In an interview with Jezebel, Chua addresses why she believes the book has hit such a chord with parents: "We parents, including me, are all so anxious about whether we're doing the right thing. You can never know the results. It's this latent anxiety." In a conversation with Die Zeit, Chua says about her book: "I would never burn the stuffed animals of my children—that was a hyperbole, an exaggeration. I have intensified many situations to clarify my position". She adds that the book "was therapy for me at the time of a great defeat".

=== Reaction by Chua's daughter Sophia ===
On January 17, 2011, an open letter from Chua's older daughter, Sophia Chua-Rubenfeld, to her mother was published in the New York Post. Sophia's letter defends her parents' child-rearing methods and states that she and her sister were not oppressed by an "evil mother". She discusses some of the incidents that have been criticized as unduly harsh, and explains that they were not as bad as they sound out of context. She ends the letter saying, "If I died tomorrow, I would die feeling I've lived my whole life at 110 percent. And for that, Tiger Mom, thank you."

== In popular culture ==
The term and behavior of the "Tiger Mother" has been satirized in the online anthropomorphic animal comic strip series Kevin and Kell with the recurring characters Mei-Li Lee and her raising methods with her daughter Lin as well as in attitude, although it has been noted that she is not actually a tigress but a tabby cat who "willed" (assimilated) herself into becoming a tiger through sheer effort, and is married to a tiger.

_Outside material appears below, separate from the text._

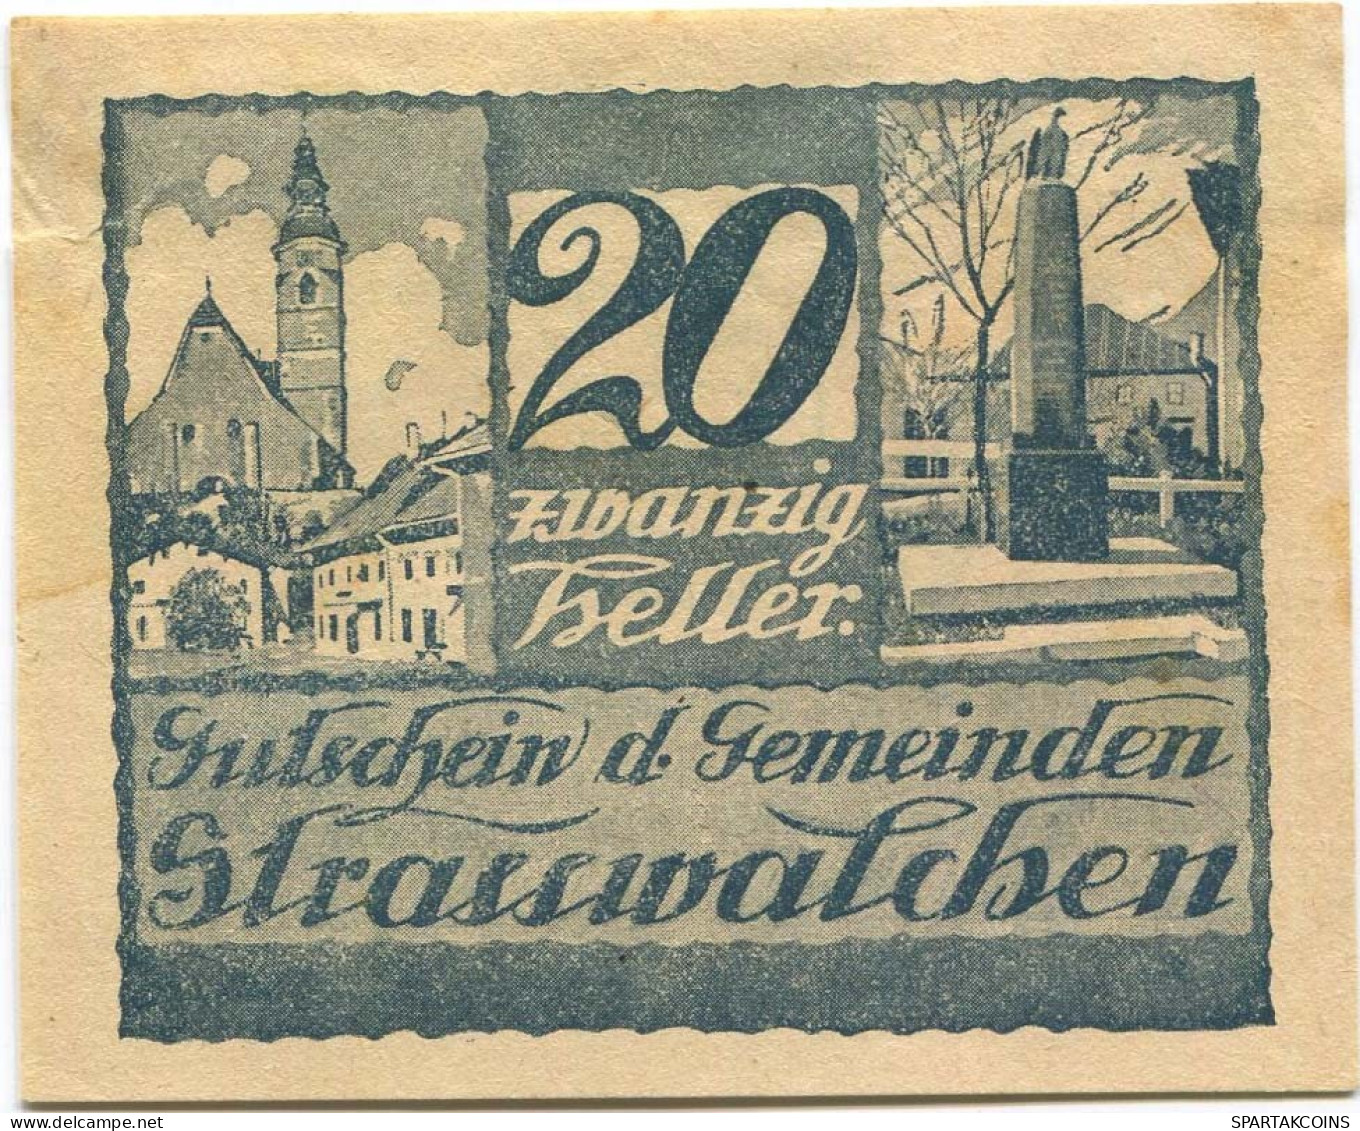 20 HELLER 1920 Stadt STRASSWALCHEN Salzburg Österreich Notgeld Papiergeld Banknote #PL810 - Lokale Ausgaben

"Bios for New York's Most Popular Tutors", a humor article by Ryan Max Riley on CollegeHumor, explicitly satirizes Amy Chua's Battle Hymn of the Tiger Mother. Tiger mom is described in the article as "the best known teacher", and among many other accomplishments, "her students achieve standardized test scores that range from perfect to perfect with less bruising and blood loss but the same amount of shame". The "students become so proficient at piano that they can embed hidden SOS messages in songs during concert performances".

===Neologism===
The term tiger mom or tiger mother has been used as a neologism used to describe a tough, disciplinarian mother due to the way Amy Chua describes bringing up her children in the strict, traditional Chinese way.

===Public reference by David Cameron===
In a speech in January 2016, British Prime Minister David Cameron praised "tiger mums" as he laid out his strategy for tackling child poverty in the United Kingdom. In a speech he stated, "No matter how clever you are, if you do not believe in continued hard work and concentration, and if you do not believe that you can return from failure, you will not fulfill your potential. It is what the Tiger Mothers' battle hymn is all about: work, try hard, believe you can succeed, get up and try again." The Prime Minister also criticized schools that have a culture where all children are rewarded prizes and insisted that "children thrive on high expectations."